Matt Stoller nails it in his article below.  In order to arrive at Buffet’s conclusion, you must start with the premise that the banks did nothing wrong.  50 AGs filing actions against the banks and Buffet arrives at the conclusion that the solution will be hormones?!  Time and time again we see these subtle statements implying that the fault is the homeowners.  That they are the deadbeats.  But if you took that premise out and judged fairly, all these guys would be in jail.  Buffet has a financial stake in seeing the banks as prosperous and doing no wrong.

Matt Stoller:  Warren Buffet says, “Hormones” Will Fix the Housing Crisis

By Matt Stoller, the former Senior Policy Advisor to Rep. Alan Grayson and a fellow at the Roosevelt Institute. 

Last week, Warren Buffett made some news with his folksy, charming as always shareholder letter.  Most people focused on his admission that he was wrong about the housing crisis.   Buffett pointed to his year ago statement that “a housing recovery will probably begin within a year or so.”  And he said, graciously, that this prediction “was dead wrong.”  This is rhetorically notable, because it’s so rare that our masters of the universe ever admit error.  But it is just more PR dressing up bad policies.

Buffett is a very important man, not just because of his immense wealth, but because he has the ear of policy-makers and the President.  I once went through a pile of phone records of Treasury Secretaries Hank Paulson and Tim Geithner, and Buffett seemed to be on speed dial (he was contacted more than George Bush, for instance).  Buffett’s advice to the President over the past few years has been that America built too many homes, and that the country is working through this excess supply naturally.  Eventually, that will lead the economy to turn around (a thesis Joe Weisenthal has tracked for months now in the data).  It’s actually not so different from Alan Greenspan’s somewhat-kidding-but-not-really advice to burn excess housing stock.  So when Buffett talks, it makes sense to listen.

Here’s what he has to say about the housing sector today.

This hugely important sector of the economy, which includes not only construction but everything that feeds off of it, remains in a depression of its own. I believe this is the major reason a recovery in employment has so severely lagged the steady and substantial comeback we have seen in almost all other sectors of our economy.

Buffett himself italicized depression.  He wanted this picked up by all of us.  But what I found most interesting is his cure for the housing market.

That devastating supply/demand equation is now reversed: Every day we are creating more households than housing units. People may postpone hitching up during uncertain times, but eventually hormones take over.
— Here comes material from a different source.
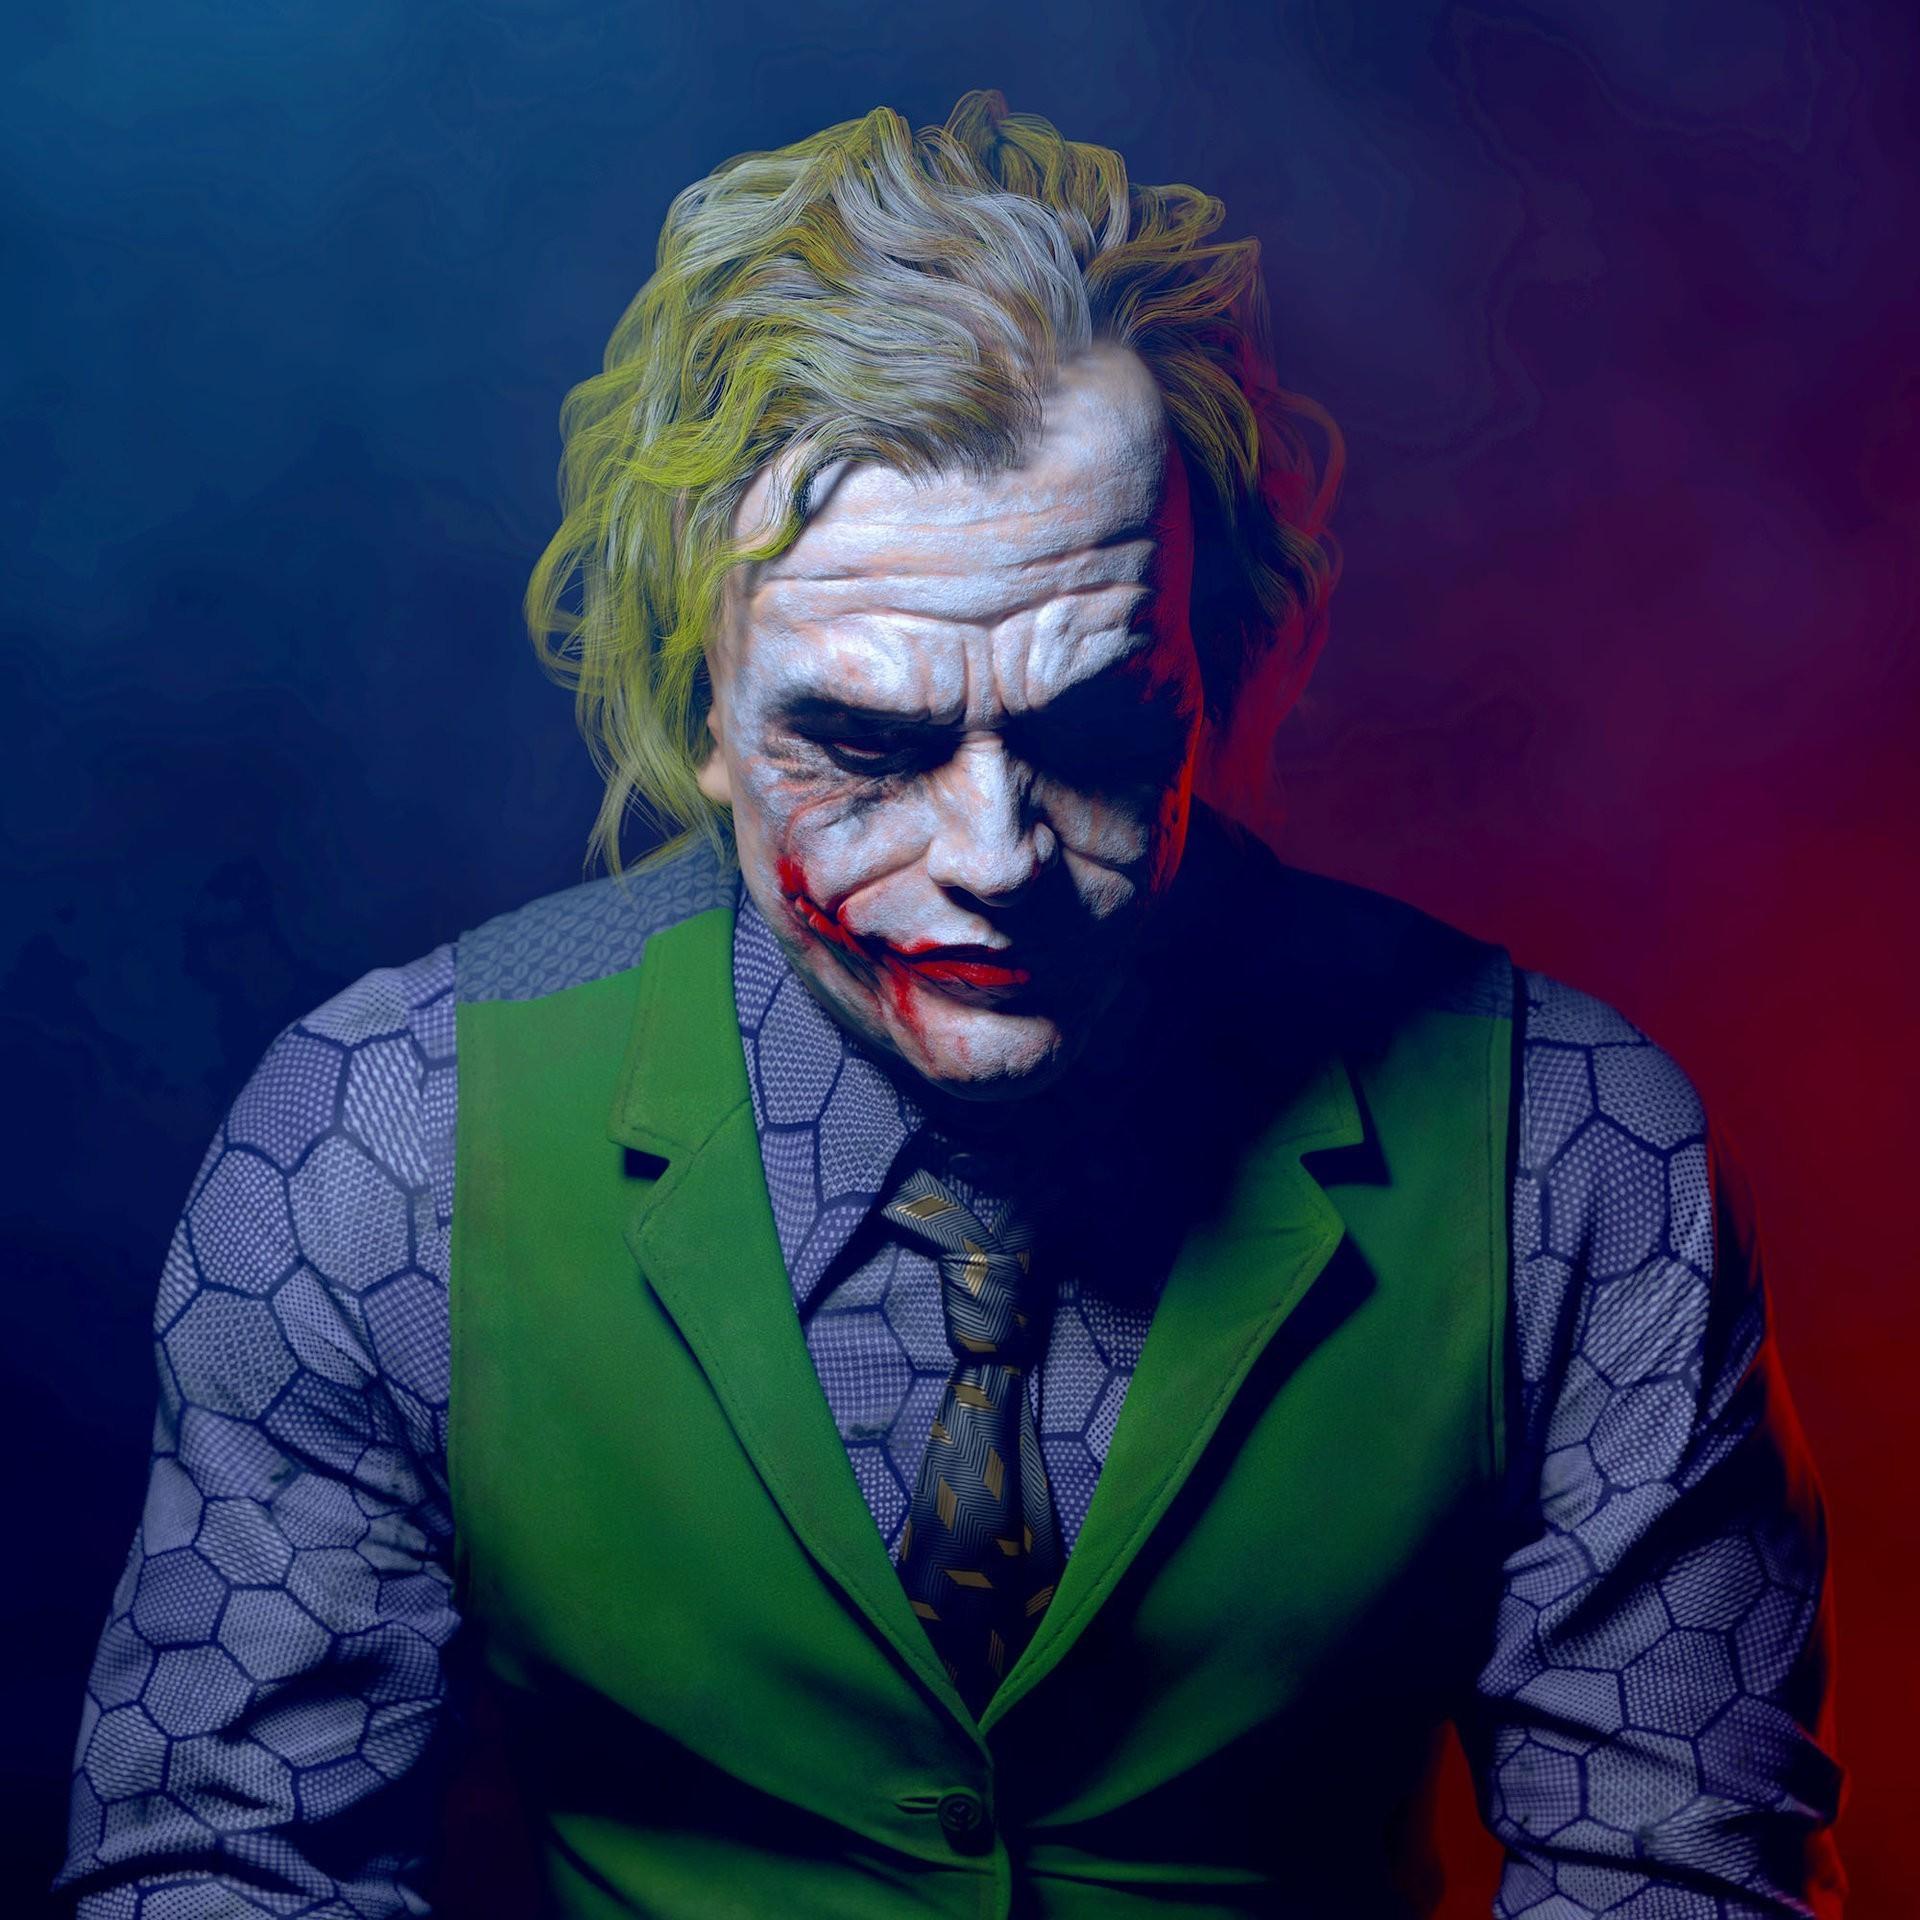 Heath Ledger Joker Wallpaper 1024x768 Wallpapertag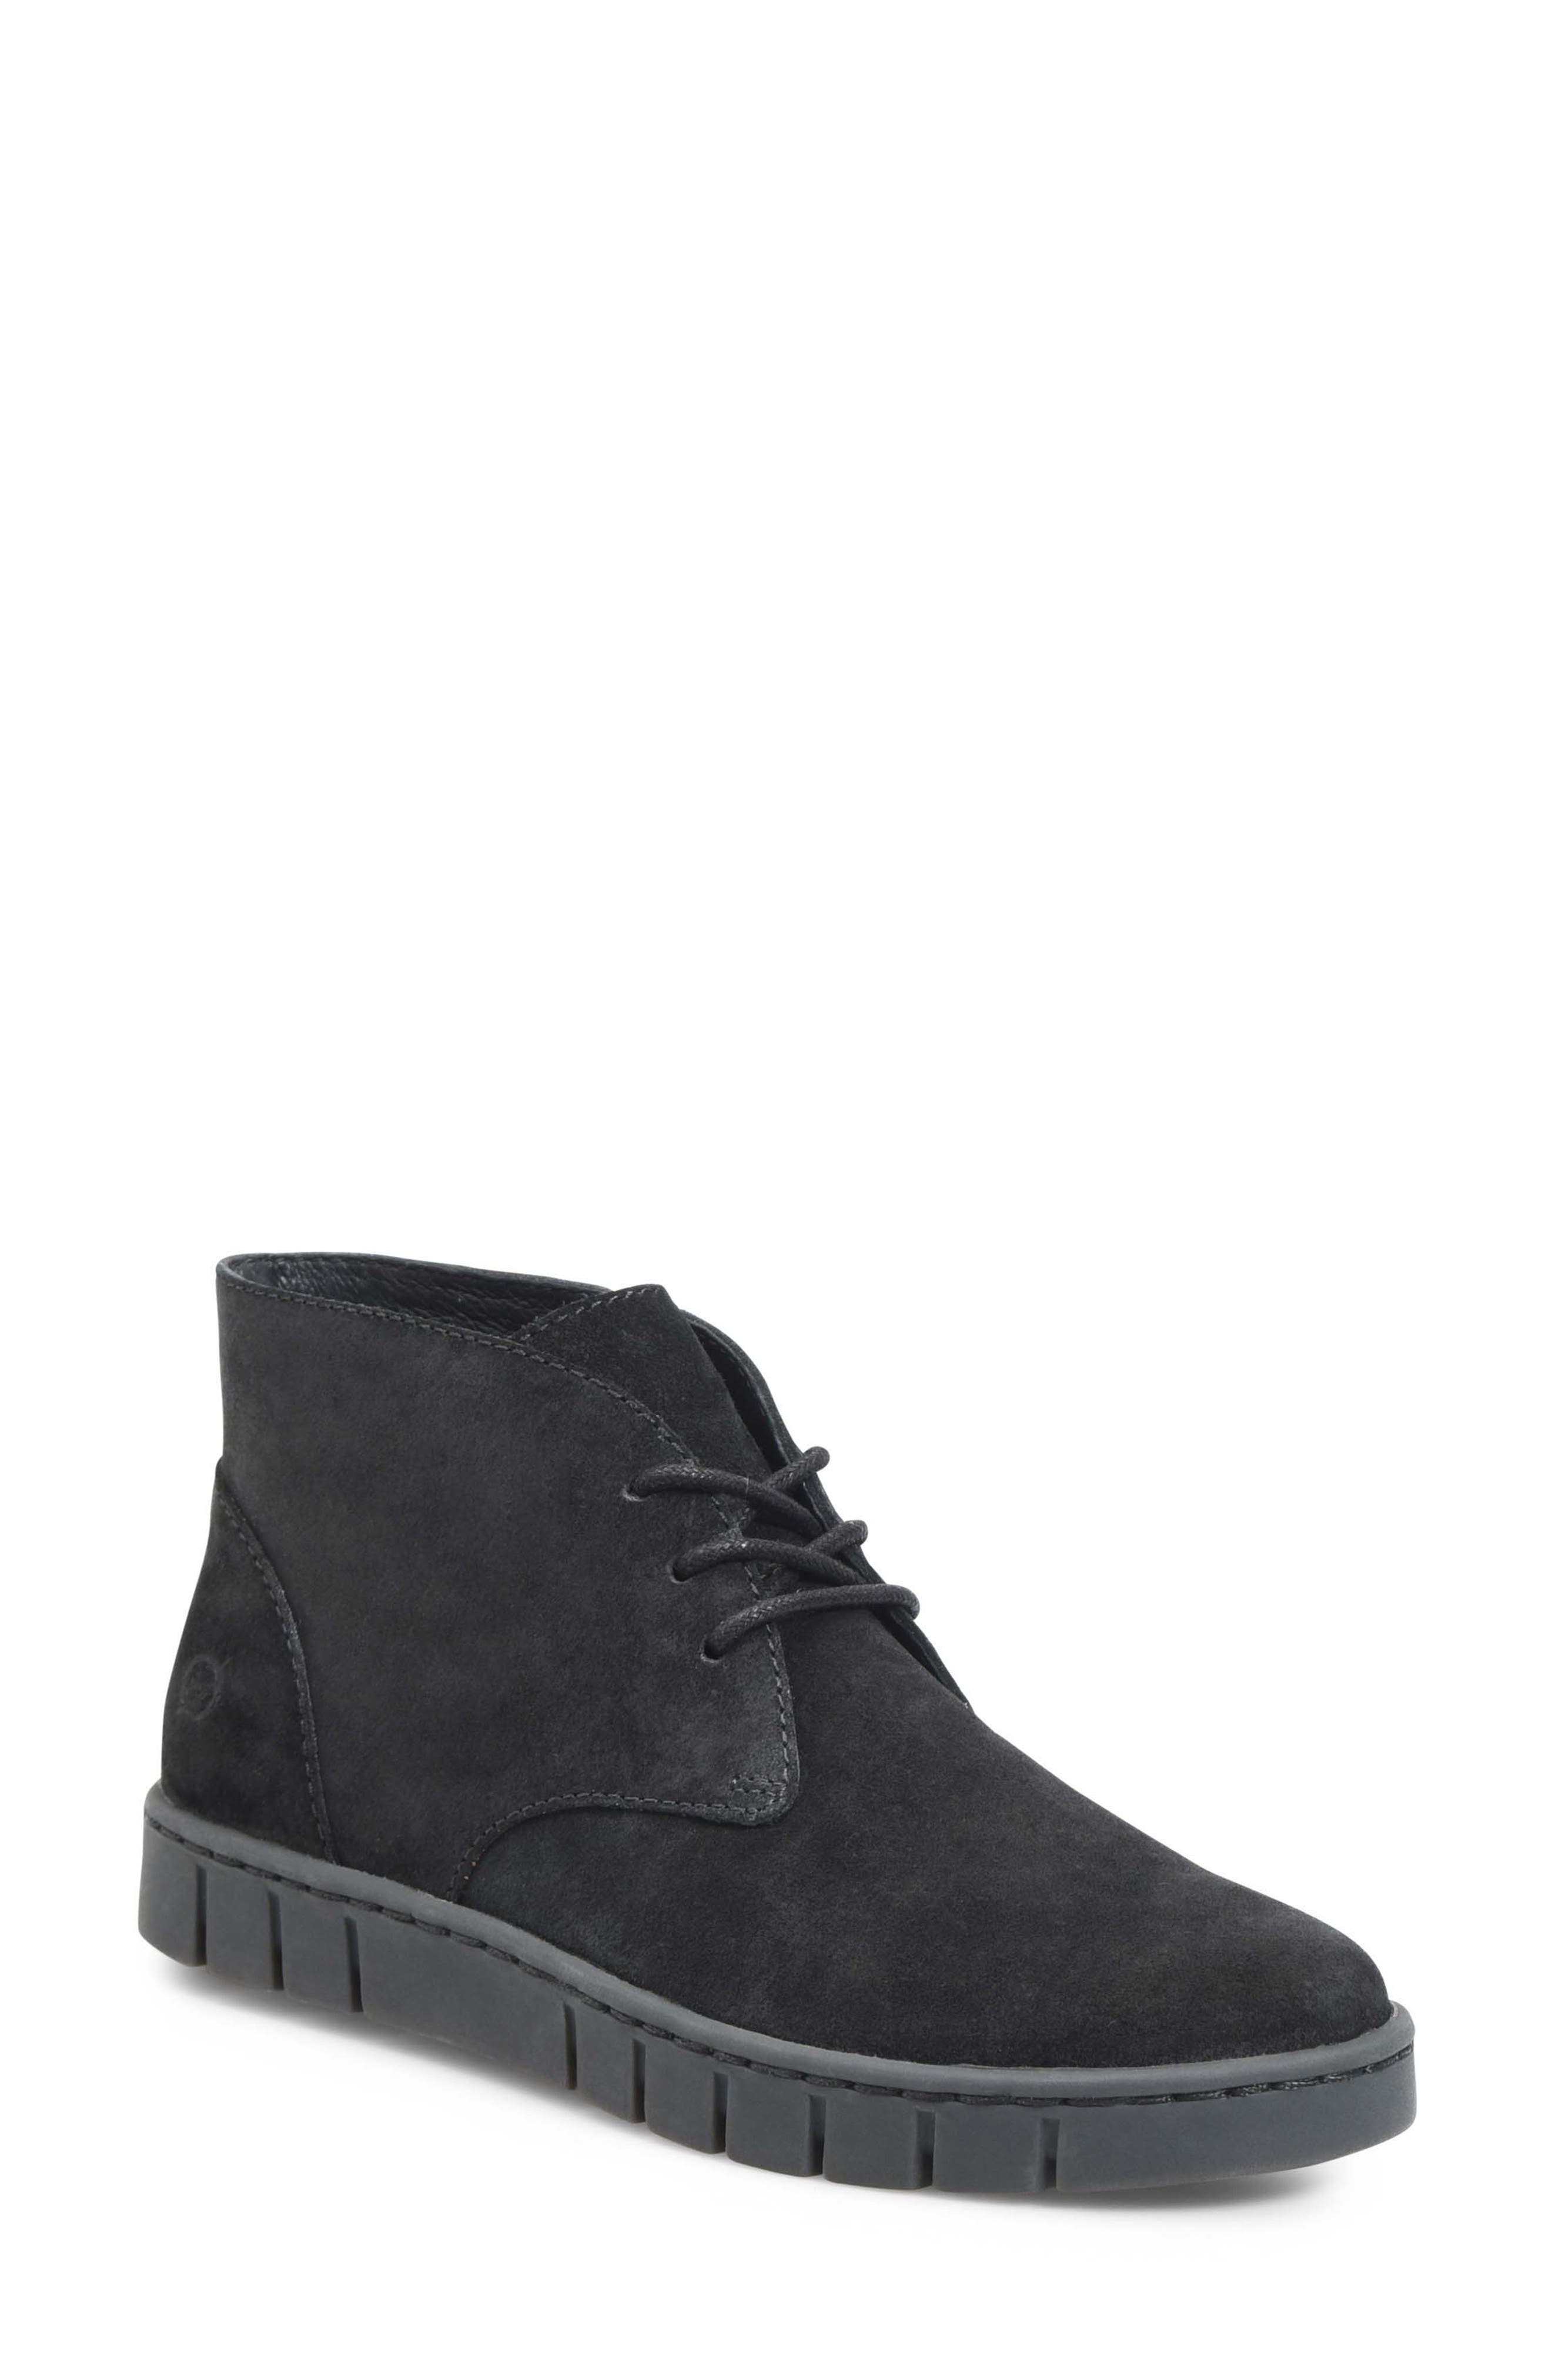 B?rn Calluna Desert Boot, Black

And while “doubling-up” may be the initial reaction of some during a recession, living with in-laws can quickly lose its allure.

Essentially, he argues that household formation is artificially low, and that this will naturally be cured by hormones, as it has in the past.  Only, the lack of family household formation is actually a new phenomenon.

Family households have been forming at an average rate of 651,000 per year since at least 1947 (when the first annual household data became available). During that whole period the only years showing “negative formation” are 2008, 2010, and 2011.

And what is behind this lack of household formation?  There are possibly many reasons, but one sure driver is student debt.  The average college graduate now carries $25k in student debt after graduation.  It’s no surprise that young people aren’t buying homes, but are increasingly renting and doubling up with others.

According to a recent Federal Reserve study, only 9 percent of 29- to 34-year-olds got a first-time mortgage from 2009 to 2011, compared with 17 percent 10 years earlier.

Student debt is just one facet of the punitive infrastructure we have set up towards debtors.  Another facet of this infrastructure is that housing market itself is broken because creditor middlemen known as mortgage servicers are skimming from both homeowners and investors.  These problems have created an atmosphere of deep uncertainty, and there is simply no private investment in the sector (the existing market of private MBS is likely overvalued, as deeply in the red as it is today).  The housing market is at this point nearly entirely backed by government guarantees through the FHA and the GSEs, aside from the hundred plus billion in direct government infusions.  One shock (like a war with Iran or something else on the radar) could tip it over once again.

You can be sure that Warren Buffett’s explanation, that all will be well soon, is the official line in Washington, DC.  Republicans don’t want to talk about housing, period.  And the administration has successfully purged all official dissent out of the Democratic Party infrastructure with its settlement.  This won’t hold, because reality, like a fart in church, will eventually and successfully intrude on the party in DC.

How long they can keep this afloat isn’t clear.  But there is a reason that hope, or in this case hormones, is the plan for housing.  Here’s more of Buffett’s letter, justifying some of his large investments.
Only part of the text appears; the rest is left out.